Please note the that IP address above is my "Default Gateway" your may not be the same as mine so please use yours.

Example responce:
_C:\Users\bob>ping -t 192.168.0.1

Pinging 192.168.0.1 with 32 bytes of data:
Reply from 192.168.0.1: bytes=32 time=1ms TTL=254
Reply from 192.168.0.1: bytes=32 time=1ms TTL=254
Reply from 192.168.0.1: bytes=32 time<1ms TTL=254
Reply from 192.168.0.1: bytes=32 time<1ms TTL=254
Reply from 192.168.0.1: bytes=32 time<1ms TTL=254
Reply from 192.168.0.1: bytes=32 time<1ms TTL=254
_

once this is running play your steam game, and lets see if the ping drops. When the steam game reports a connection issue press [ALT]+[TAB] and see if your connection has dropped.
Please provide results.

Thanks
Bob.


----------



## AsRock (Jan 18, 2010)

STEAMUSER said:


> Hey everybody
> 
> sometimes when i play or start any steam game the internet disconnects just after playing for a minutes
> sometimes i replair the network connection but it takes much time so i better restart the pc
> ...



I get this problem on my other system some times when the system has been put in standby in windows Vista\7.
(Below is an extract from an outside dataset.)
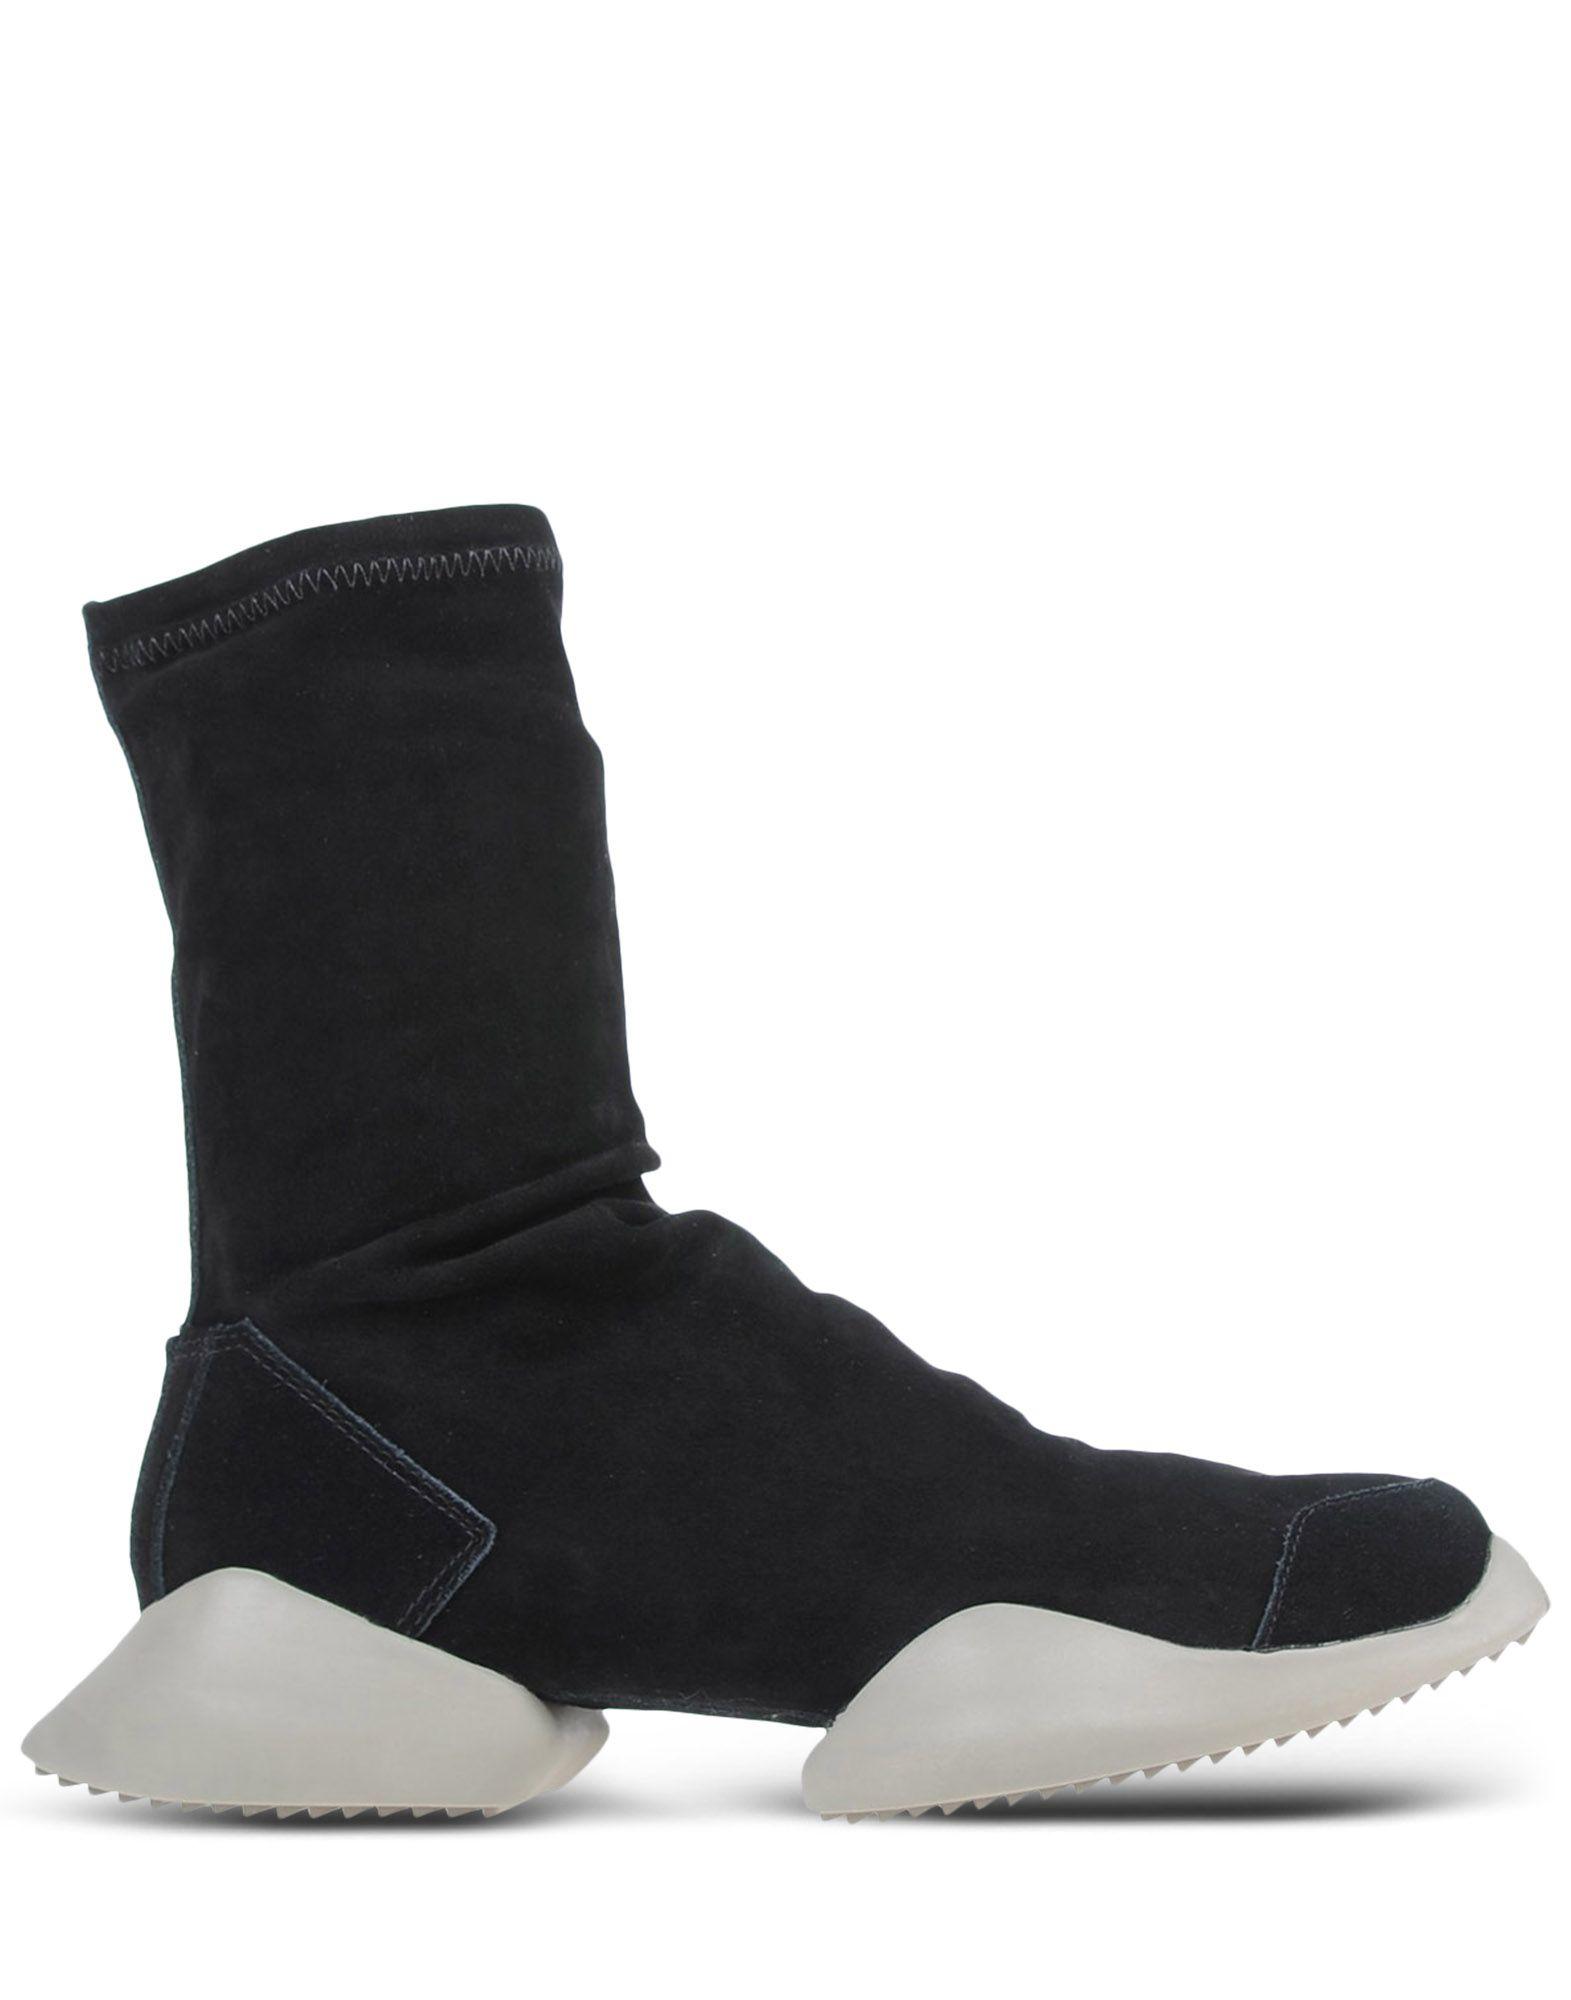 Rick Owens Adidas Shoes Sale
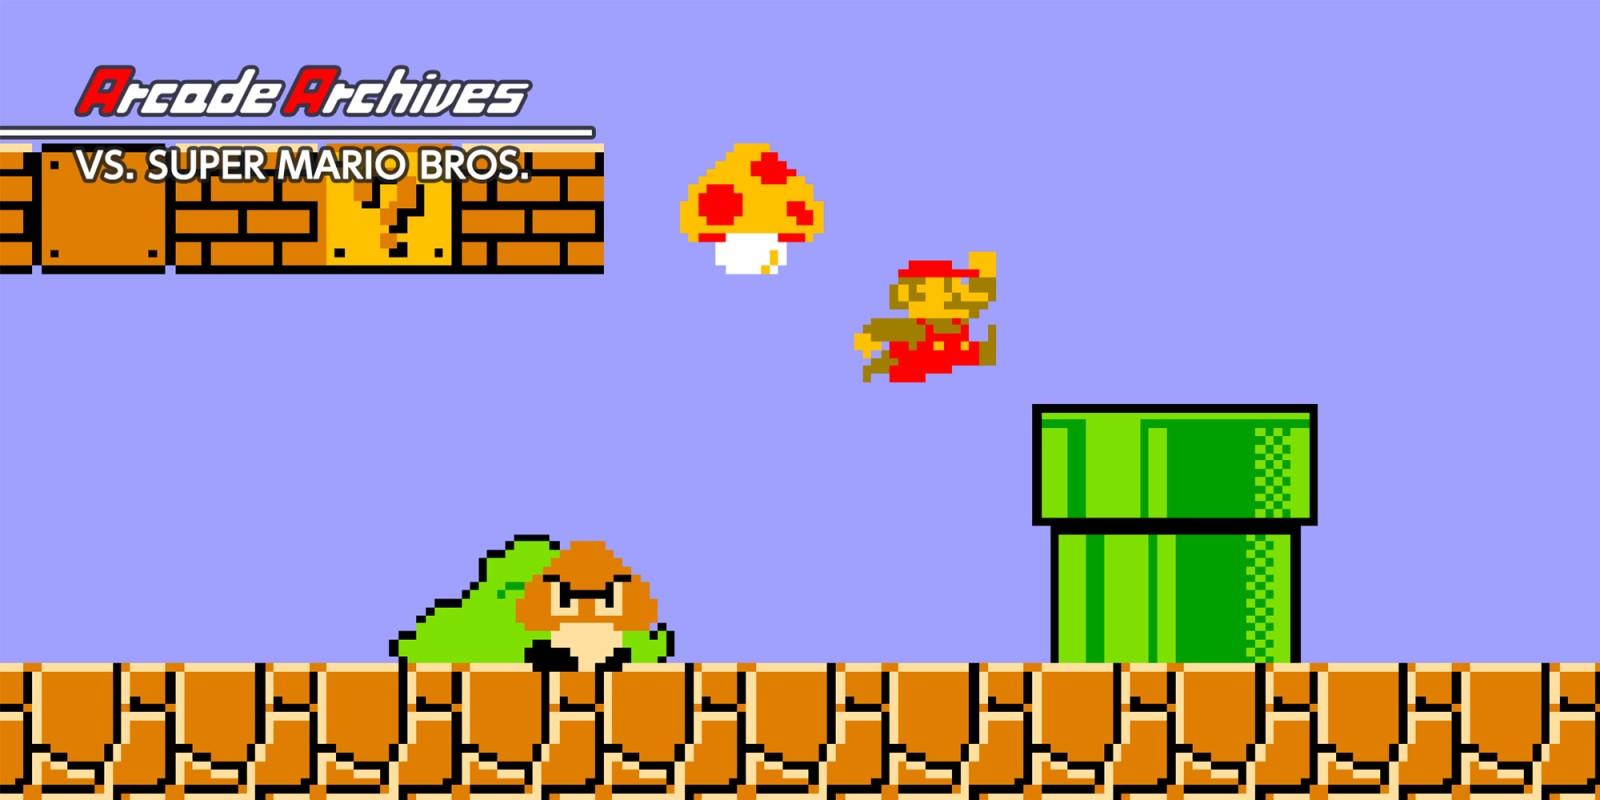 Arcade Archives VS SUPER MARIO BROS Jeux Tlcharger

Maybe look around for updated driver for your network card.


----------



## STEAMUSER (Jan 20, 2010)




----------



## ghcBuG (Jan 27, 2010)

*Lesser bump*

Hello. First time im posting here.
I just wanted to bump this thread as I'm having the same problems, and I've had them for quite some time. After trying exactly what STEAMUSER did, I got the same results as he did. The gateway stops responding to ping.


Bear in mind, i don't have access to forwardporting. 
I thought this was easier then starting my own thread with exactly the same problem.

Thanks.


----------



## buffy (Jan 27, 2010)

if you have another computer try pinging the router from it during your outage on your  main pc. This will confirm if its the router failing your PC.


----------



## ghcBuG (Jan 27, 2010)

Yes, I can confirm that both the computer which I am starting the game on, and another computer, gets a Ping Timeout.

What happens is, i start the game. As soon as i do anything that interferes with the internet (e.g. loading up the Servers list to join a game, or sometimes i even get into the game, but gets disconnected too quick for me to start playing)


----------